2		Big data stream processing The goal of this project is to integrate the S-Store (http://www.vldb.org/pvldb/vol7/p1633-cetintemel.pdf), streaming NewSQL system, with the Myria parallel data management system to enable analysis that combine both streaming transaction data and archival transaction data.
3		Parallel data management on heterogeneous hardware Explore the challenges and opportunities related to running a parallel data management system on highly heterogenous machines. These machines can have vastly different amounts of memory, cpu, and network bandwith resources.
4		System benchmarking The goal of this project is to compare your choice of big data management systems or cloud services on a fixed workload.
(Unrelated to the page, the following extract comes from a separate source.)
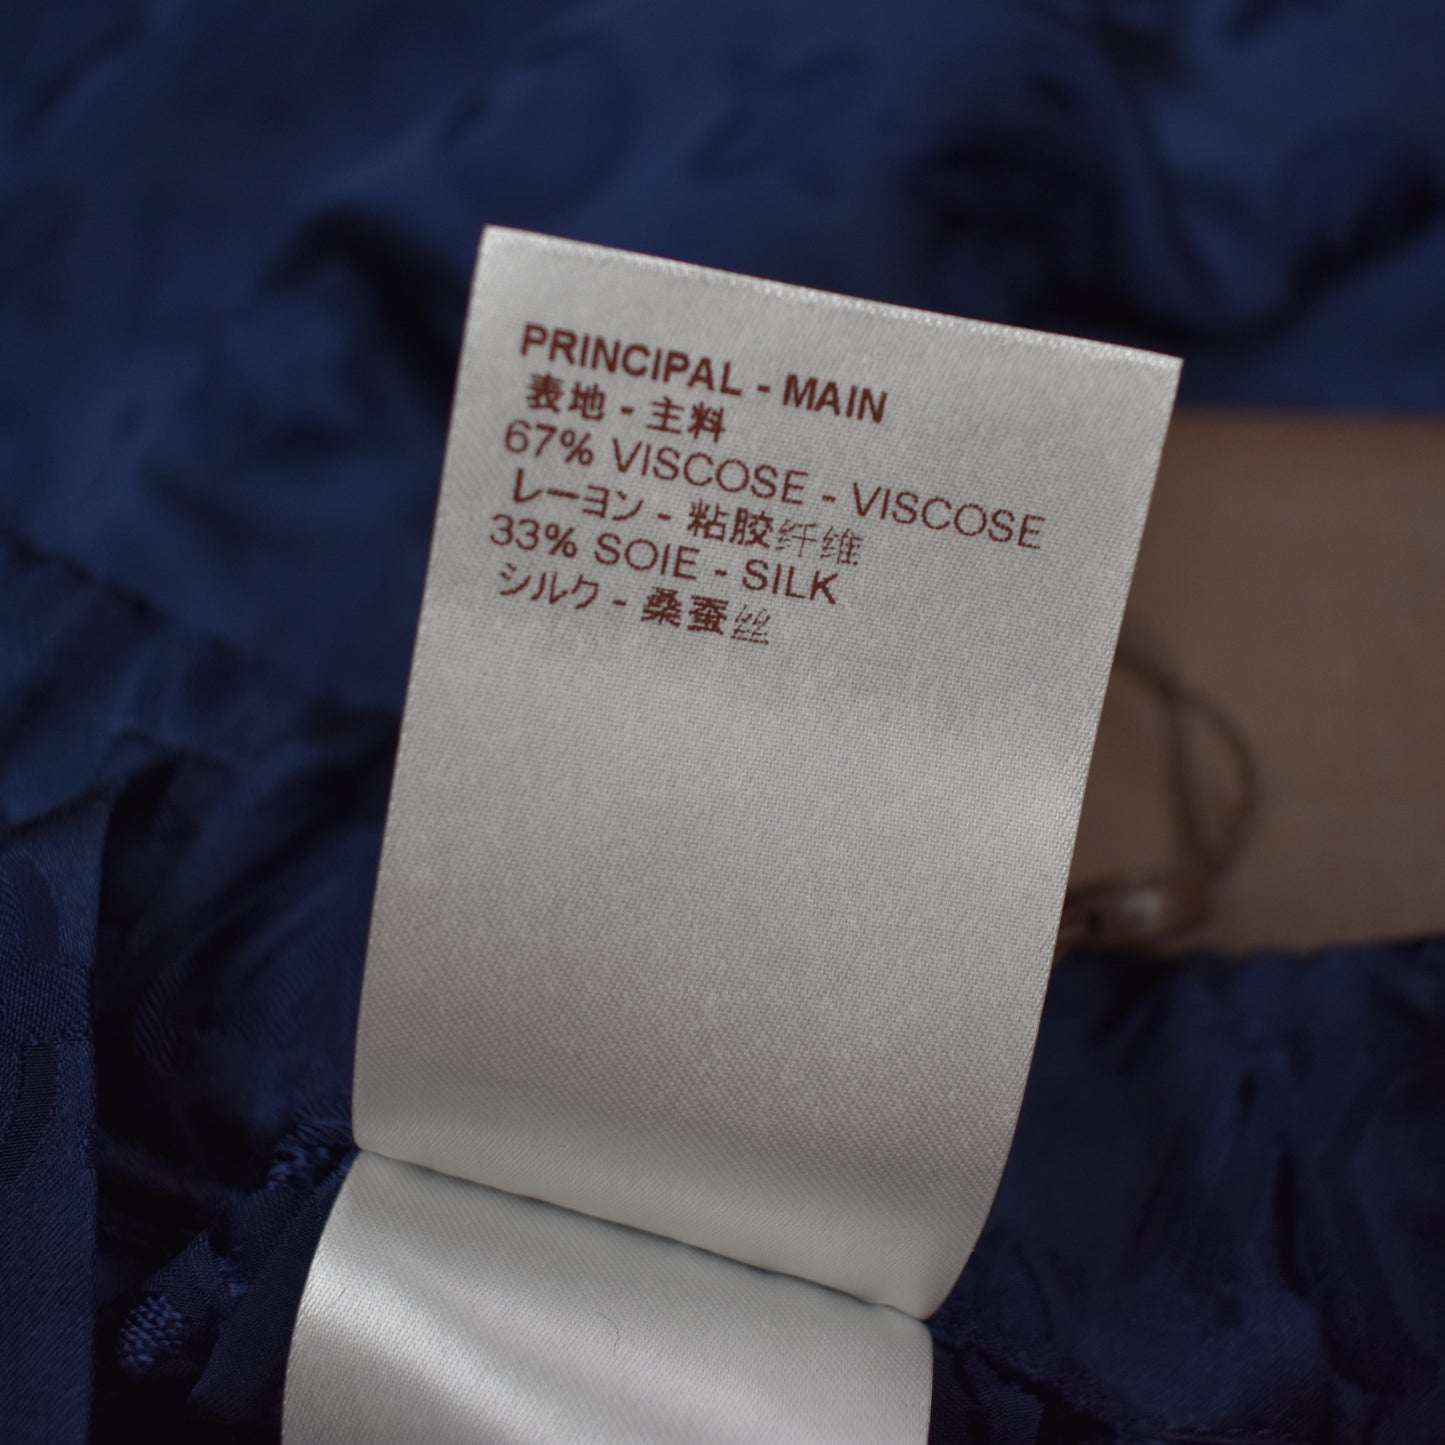 Louis Vuitton x Supreme - Navy Monogram Pajama Pants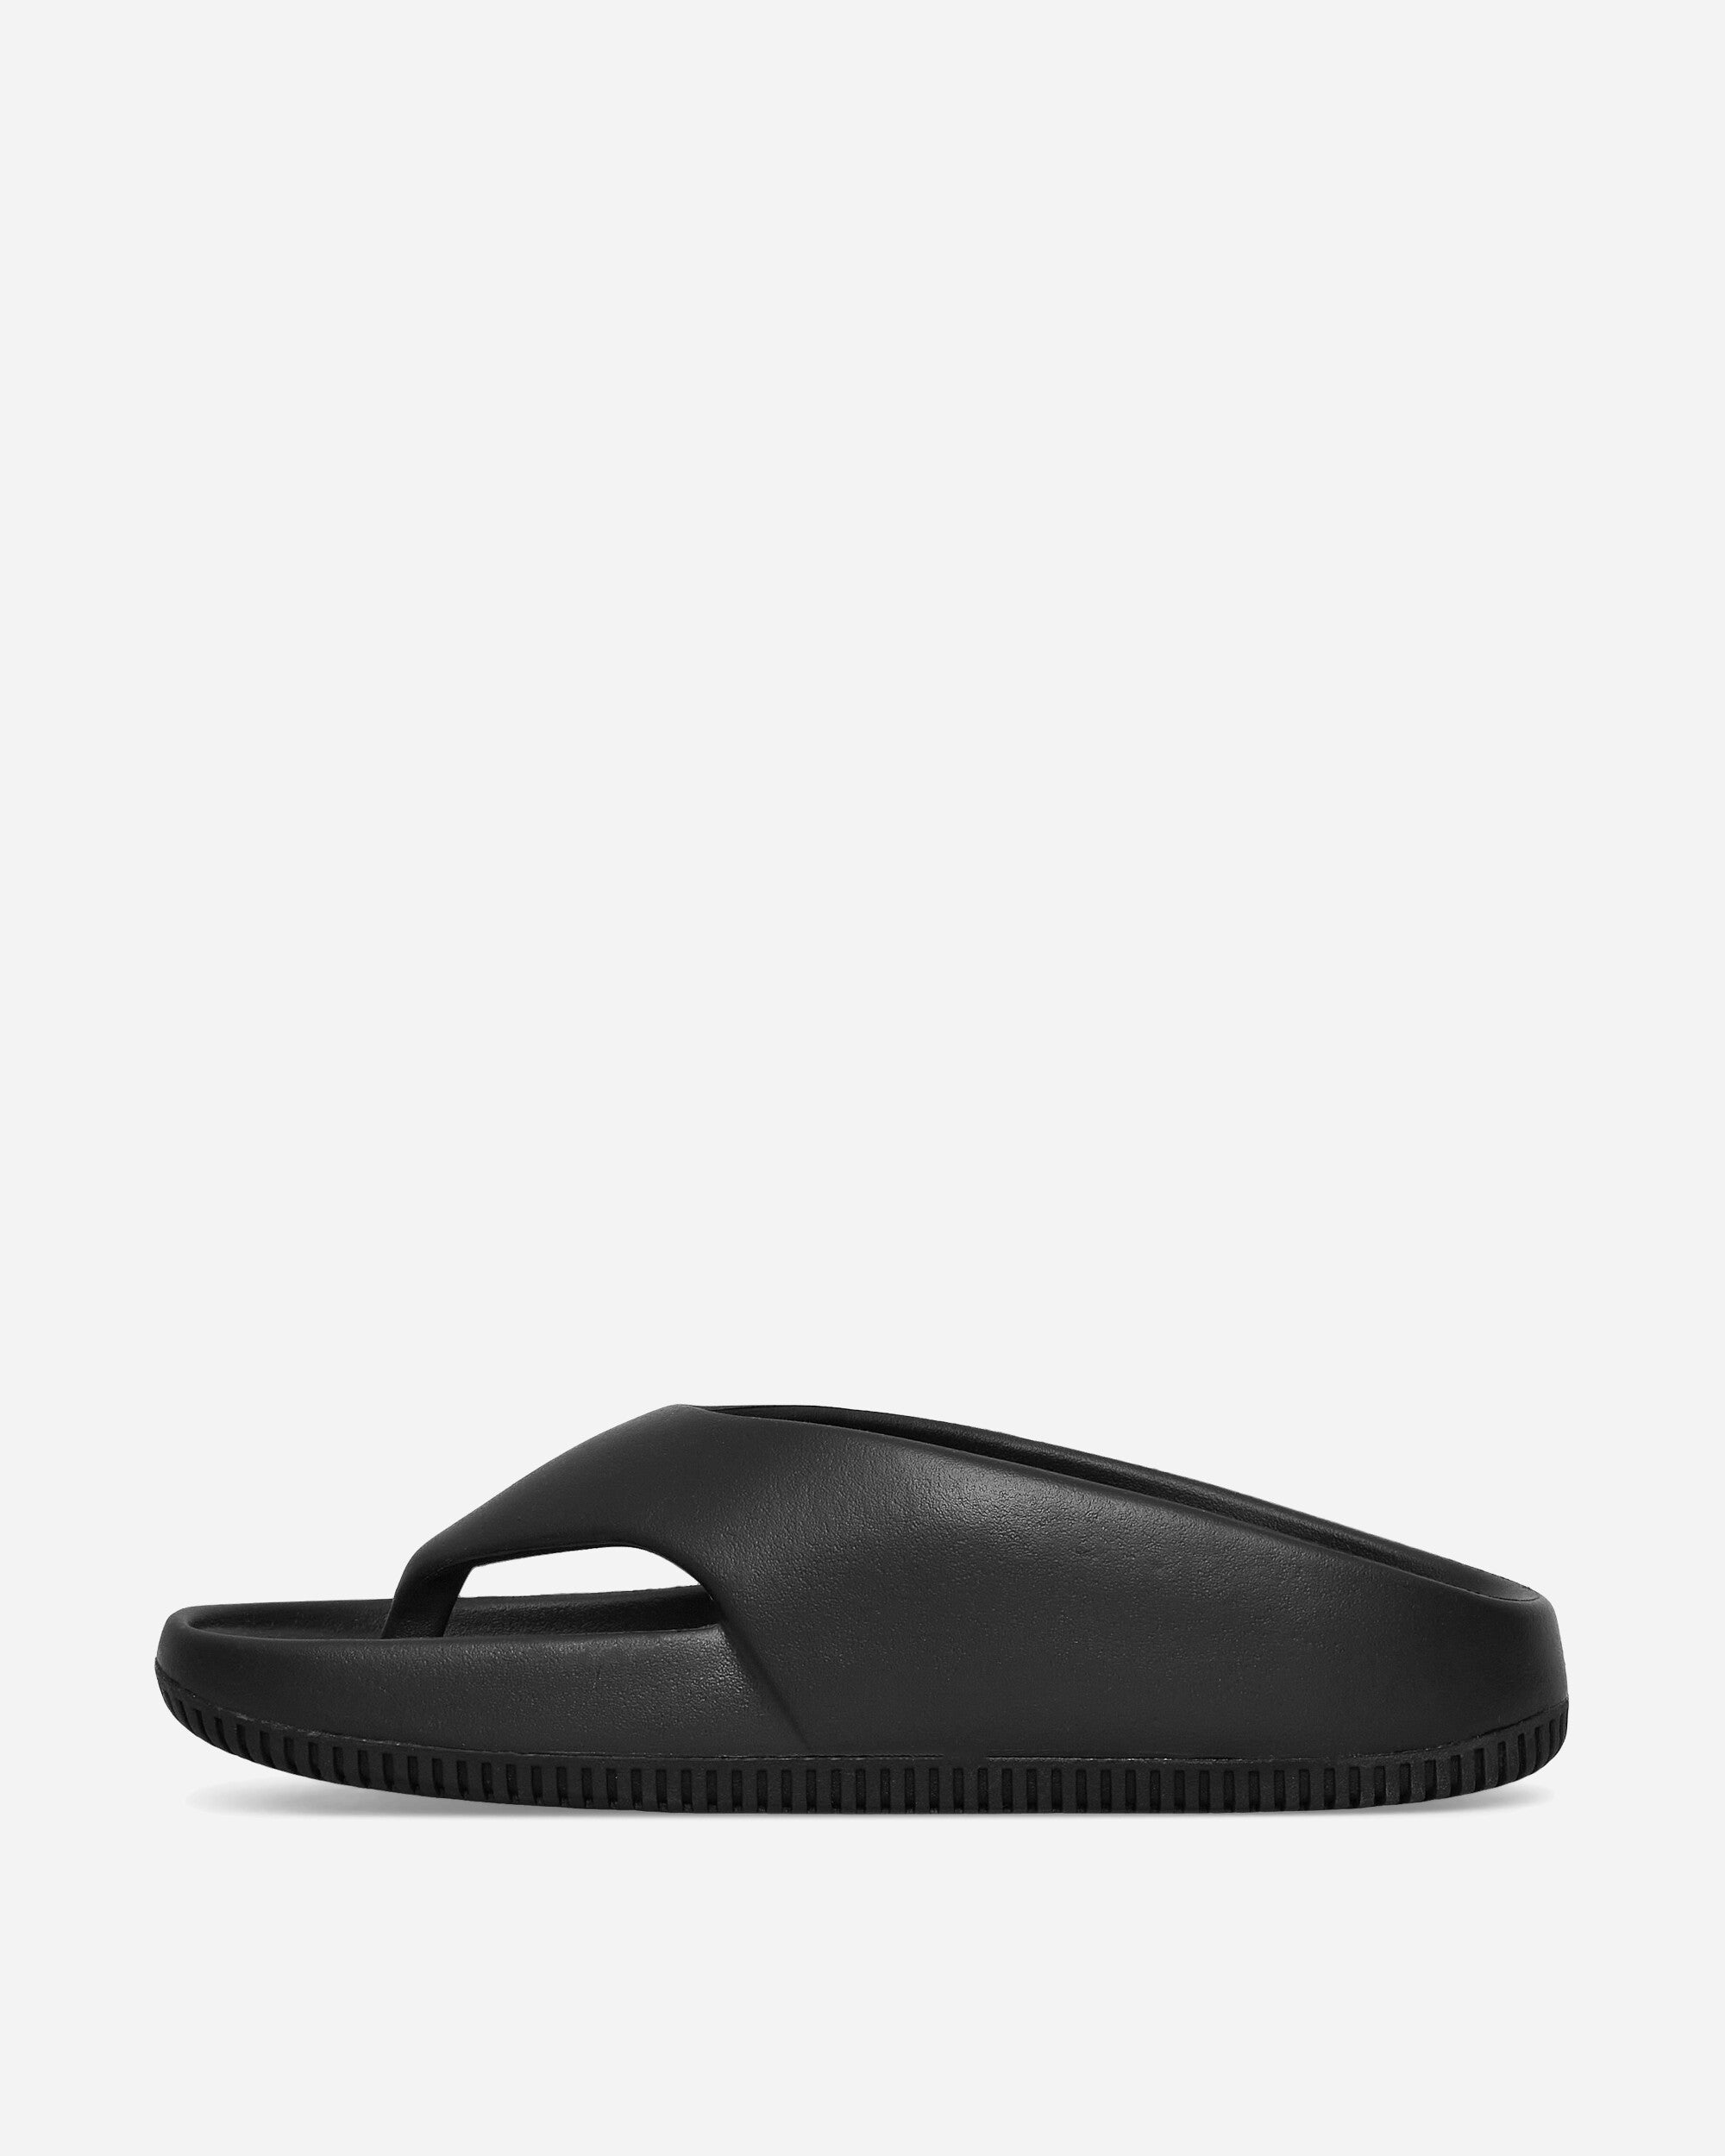 Nike Wmns Nike Calm Flip Flop Black/Black Sneakers Low FD4115-001

The project will define the workload and will pick the set of systems to compare.
5		Big data processing with applications in astronomy We recently developed a new service called MyMergerTree, which enables the analysis of galactic merger trees from astronomy simulations. The goal of this project will be to make the MyMergerTree service much more efficient. Can all queries be made interactive?
6		Social data analytics with applications in orthodontics This project will involve working with a resident in the Department of Orthodontics on analyzing social media posts specifically Twitter and Google Plus by Invisalign, a company that provides a clear appliance to move teeth around. The goal is to determine the essential themes of these posts (mapping the keywords) and potentially identify scientifically correct and incorrect information which is provided by this company directly to patients. The data management challenges will relate to trying different technologies to efficiently solve this specific data management problem. The team would work with the resident to define the problem more precisely in the context of the class project.
7		Data cleaning and analytics with applications in health metrics and evaluation The Global Burden of Disease (GBD) Study quantifies factors that affect health and health-risks for the world’s largest populations, a critical component in developing policies and prioritizing responses to health threats. The study is based on rigorous analysis of more than 30,000 data sources obtained from nearly 200 countries around the world, including survey and census data, disease registries, clinical and claims records, demographic data, expenditure data, behavioral data, and environmental data. Producing the Study is a big data problem. The data volumes are significant, but not overwhelming (low order TBs). But the variety of data sources creates huge challenges. There are 300+ conditions (diseases, injuries, and risk factors) for which disease parameters such as prevalence, mortality, or exposure are estimated, and these estimates are made for 200+ countries/non-country geographic units, for 30+ time periods, for male and females sexes, for 20 age groups. Each data source has its own error characteristics. The data are sufficiently large so that even seemingly simple tasks become computationally difficult. Consider a data cleansing task -- adjusting deaths by country by cause (which come from many unreliable data sources) so that the totals equal deaths by country (which is more reliable data). It is expected that this use case can be handled by an appropriately structured parallel database, but there is some complexity in doing so, especially to achieve response times on the order of a few seconds. The project is to implement the above use-case in the Myria parallel data management system and explore adding novel functionality in support of data cleansing, error detection in newly added data, and use of machine learning to mine the data.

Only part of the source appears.